After most natural disasters, health-care workers can come from elsewhere in the country to staff clinics in the affected zone. But a pandemic strikes everywhere, and each area needs all the resources it has. It also lasts longer -- a year to 18 months, he said.

Cities, schools and churches need to develop response plans, he said. Businesses, he said, should consider how they would keep going if a significant number of employees are out for weeks at a time.

"Any community that fails to prepare with the expectation that the federal government will, at the last moment, be able to come to the rescue will be tragically wrong," he said.

The government is stockpiling Tamiflu and other antivirals, and it is supporting the development of flu vaccines, he said. It is also gathering masks and ventilators, he said.

But "there is no way in which 5,000 different communities can be responded to simultaneously," he warned.

The government set up a bird flu Web site: www.pandemicflu.gov
 

gillmanNSF

Veteran Member
Bird Flu kill FIVE people in Azerbajian!

Bird flu kills five in Azerbaijan


BBC breaking news graphic
Five people have died from the H5N1 strain of bird flu in Azerbaijan since February, the World Health Organization (WHO) has said.
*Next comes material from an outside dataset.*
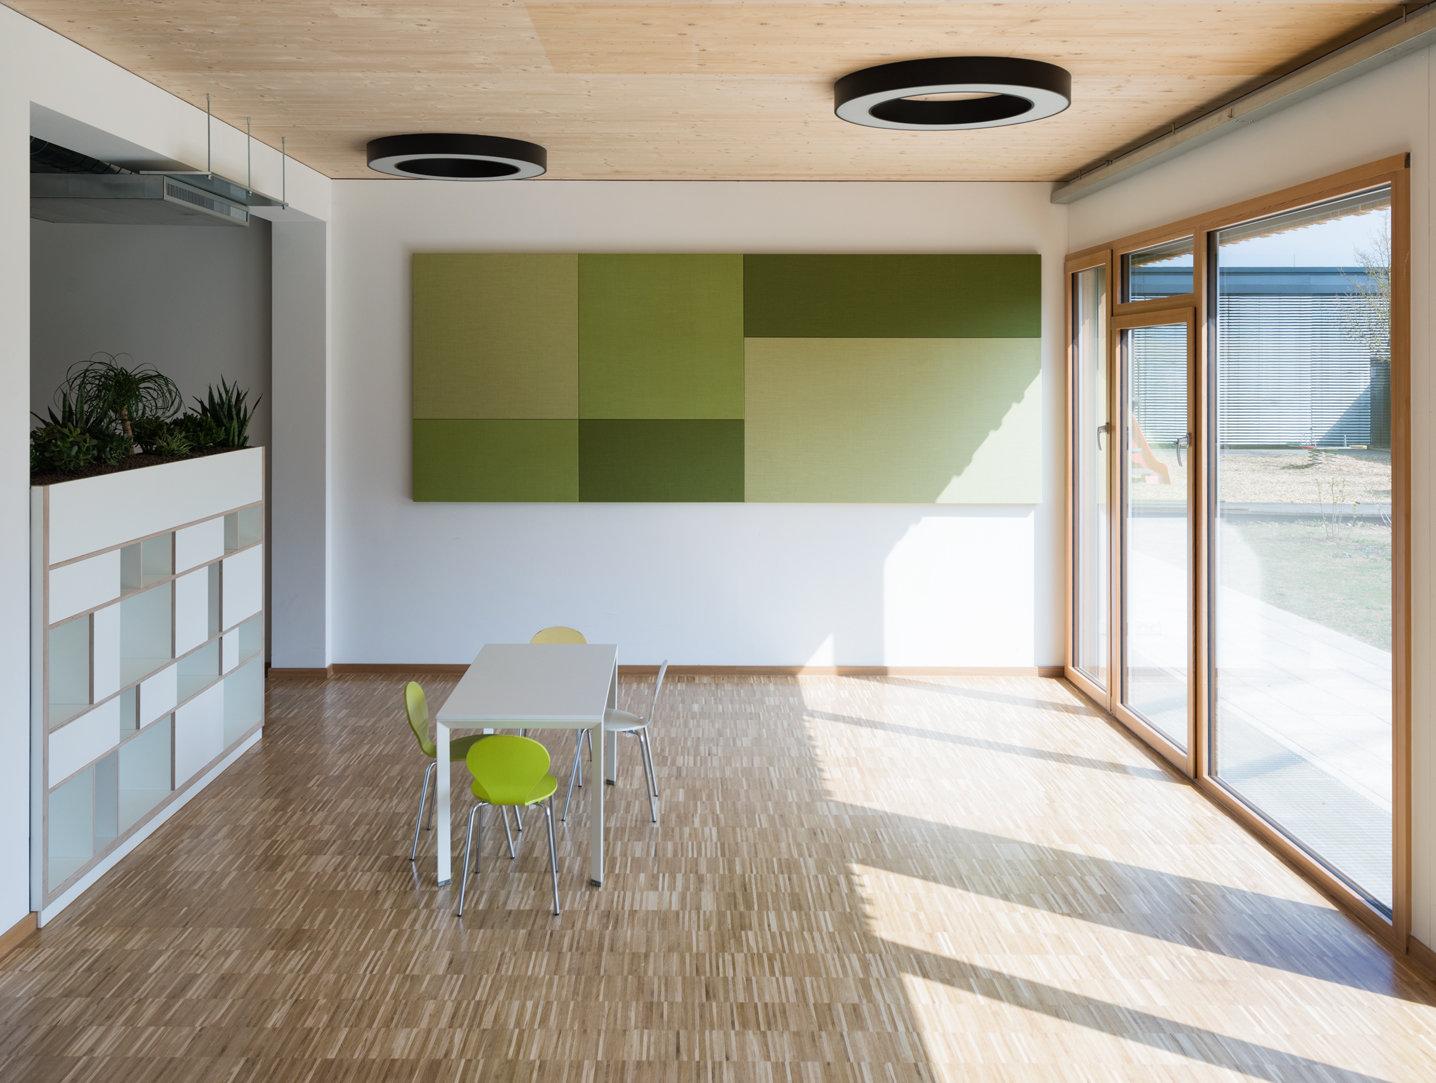 ERNE Holzbau Kindergarten Luxemburg Modulbauweise

Two other people had tested positive for bird flu during tests carried out at a British laboratory, the WHO said.

The latest deaths took the world's human toll to 103 since 2003, it said.

The H5N1 virus cannot pass easily from one person to another. But there are fears it could mutate, triggering a flu pandemic, experts warn.
 

Eddie Willers

Membership Revoked
Bird Flu "Pandemic" fears are hysterical nonsense

The H5N1 strain of bird flu has spread across Europe, Africa and parts of Asia and killed nearly 100 people worldwide and infected about 180 since it re-emerged in 2003.
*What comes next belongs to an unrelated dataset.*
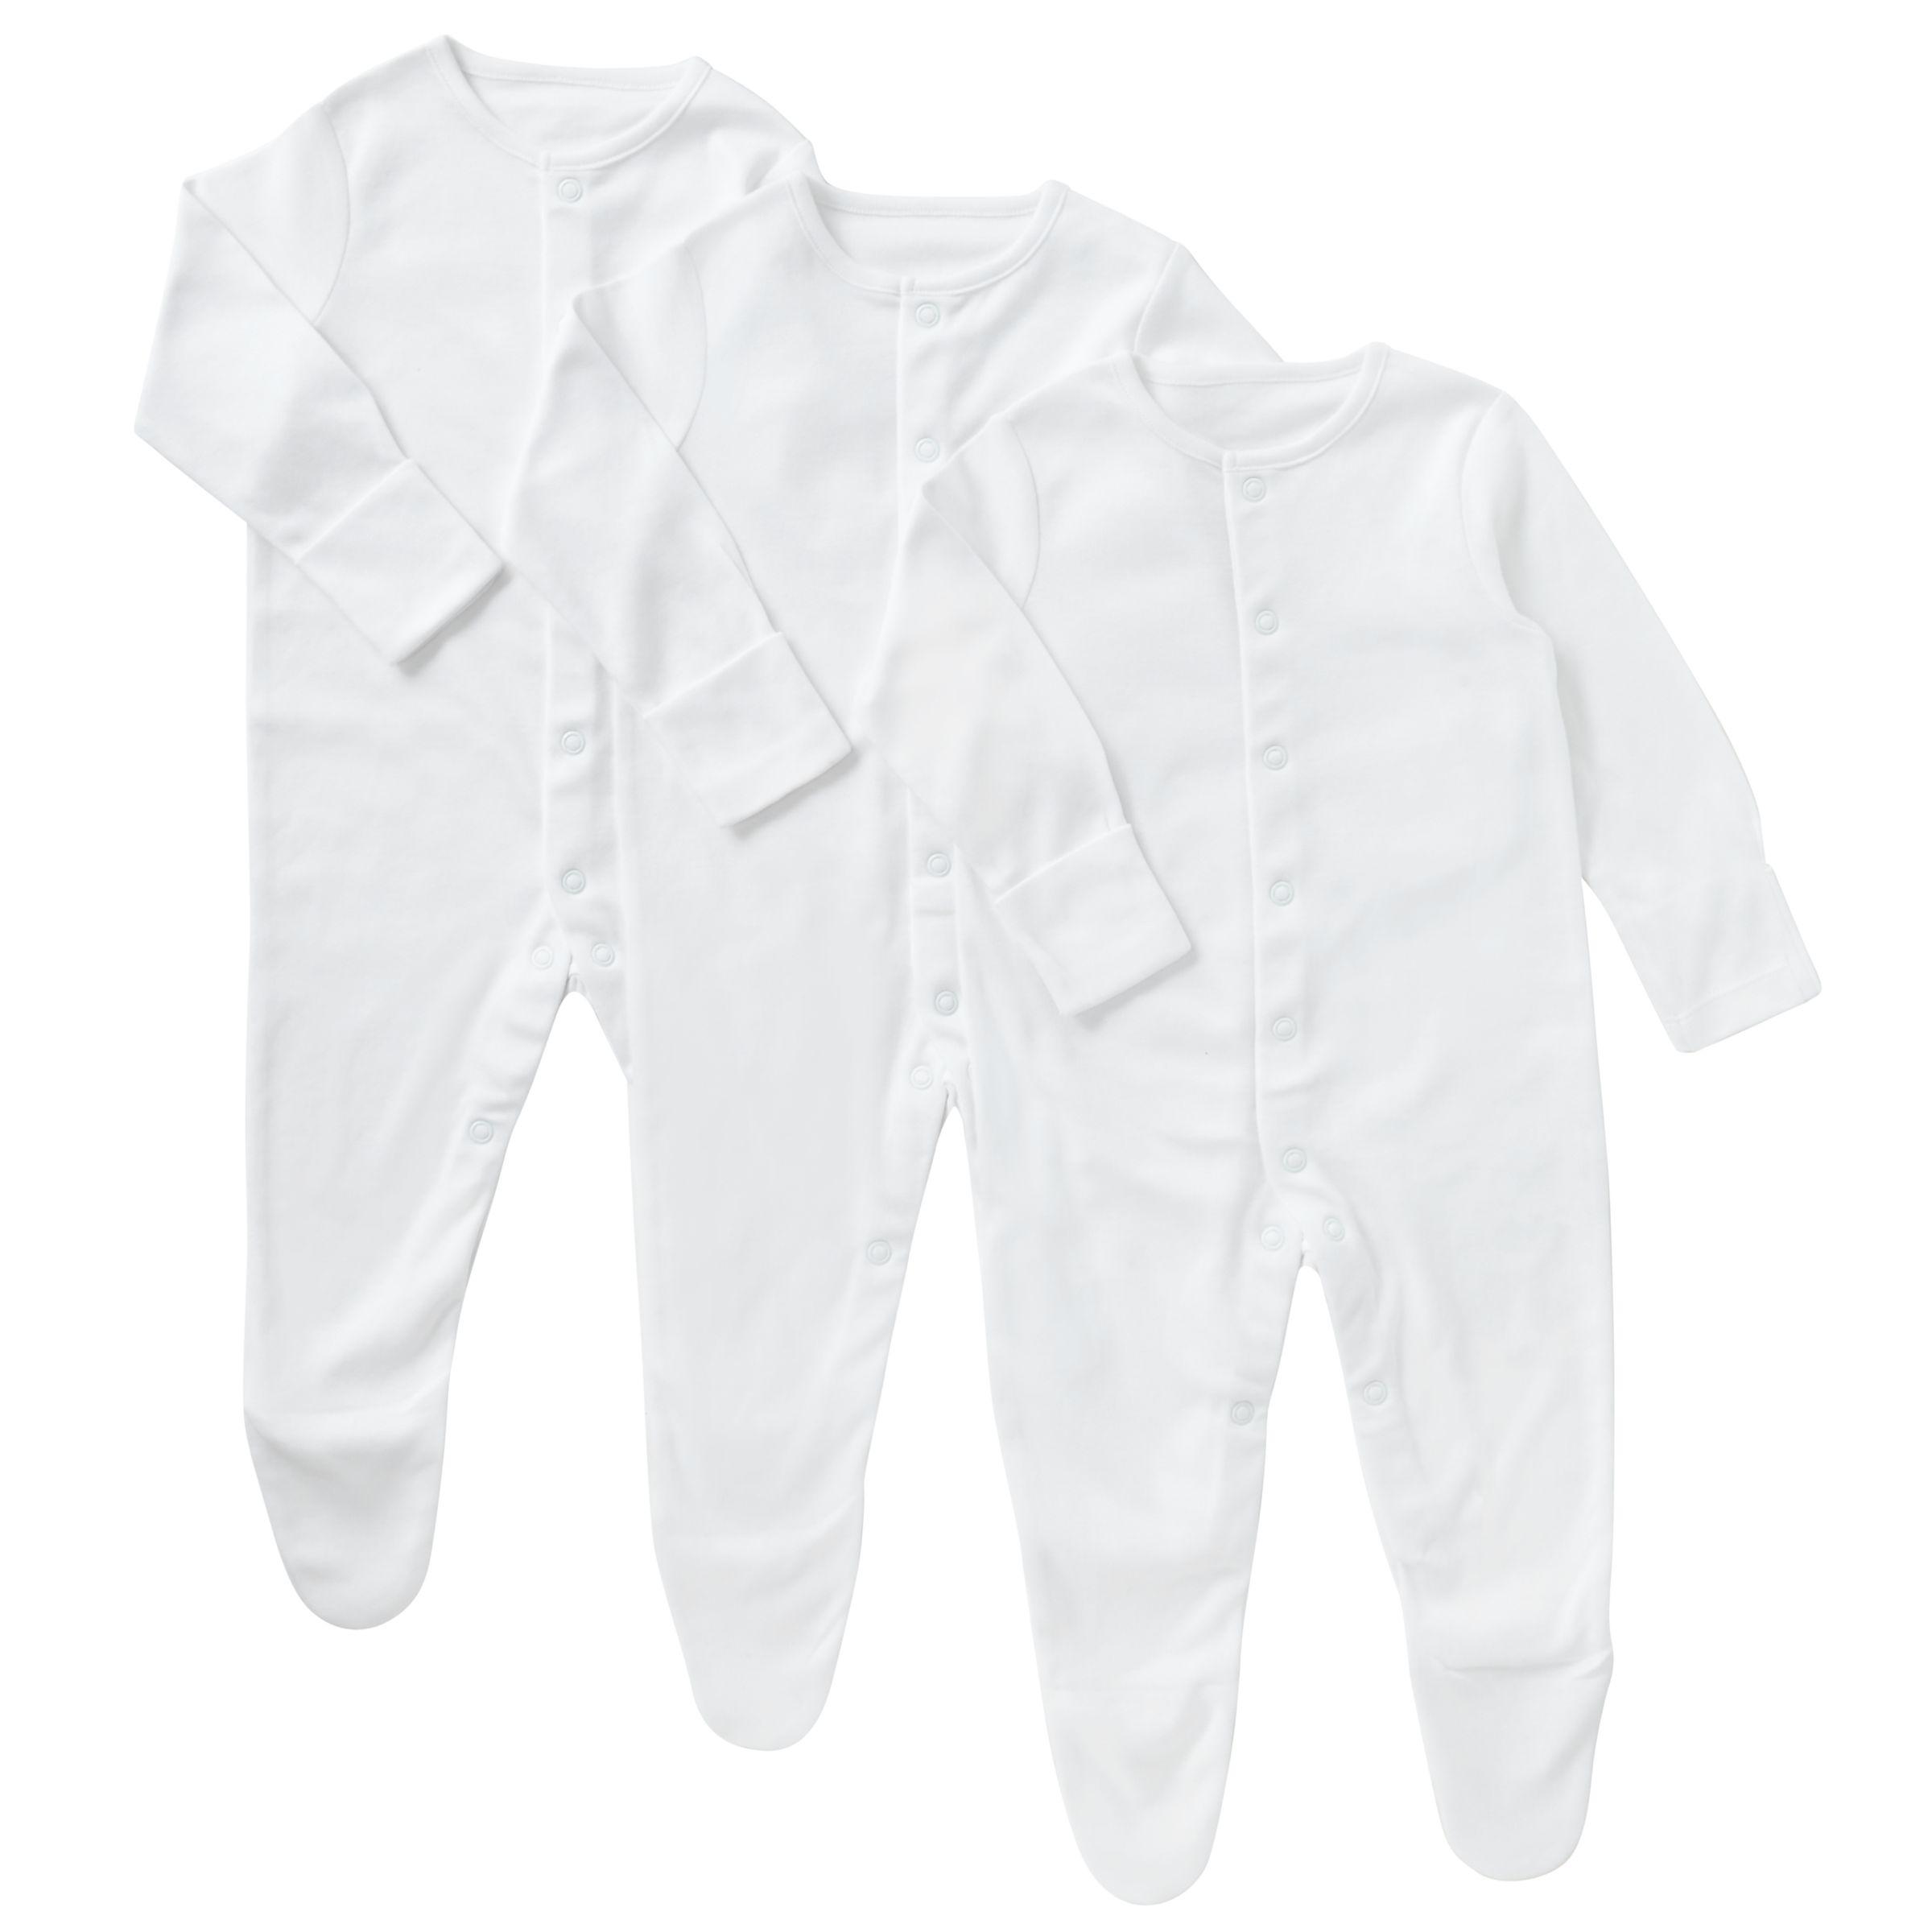 John Lewis Baby Pima Cotton Sleepsuit Pack of 3 White at John Lewis

So, we're all worried about something that has killed 100 people WORLDWIDE in 3 years!?!?!?!

The above is from yet another story:

http://news.bbc.co.uk/2/hi/health/4828078.stm

I think it's more efficient to worry about something that kills at least 100 people per YEAR?

Jeez, lighten up!

'Eddie
 

Kim99

Veteran Member
Seabird said:
Shouldn't Israel, Egypt, and Denmark be on the first CDC list above? And maybe there are more countries missing...

Israel and Egypt, definitely. I don't believe Denmark's had any human cases yet.
 

Kim99

Veteran Member
Eddie Willers said:
So, we're all worried about something that has killed 100 people WORLDWIDE in 3 years!?!?!?!

The above is from yet another story:

http://news.bbc.co.uk/2/hi/health/4828078.stm

I think it's more efficient to worry about something that kills at least 100 people per YEAR?

Jeez, lighten up!

'Eddie

If you've read John Barry's "The Great Influenza", you'll realize that by the time it goes human to human(IF it does), the time to worry will be too late.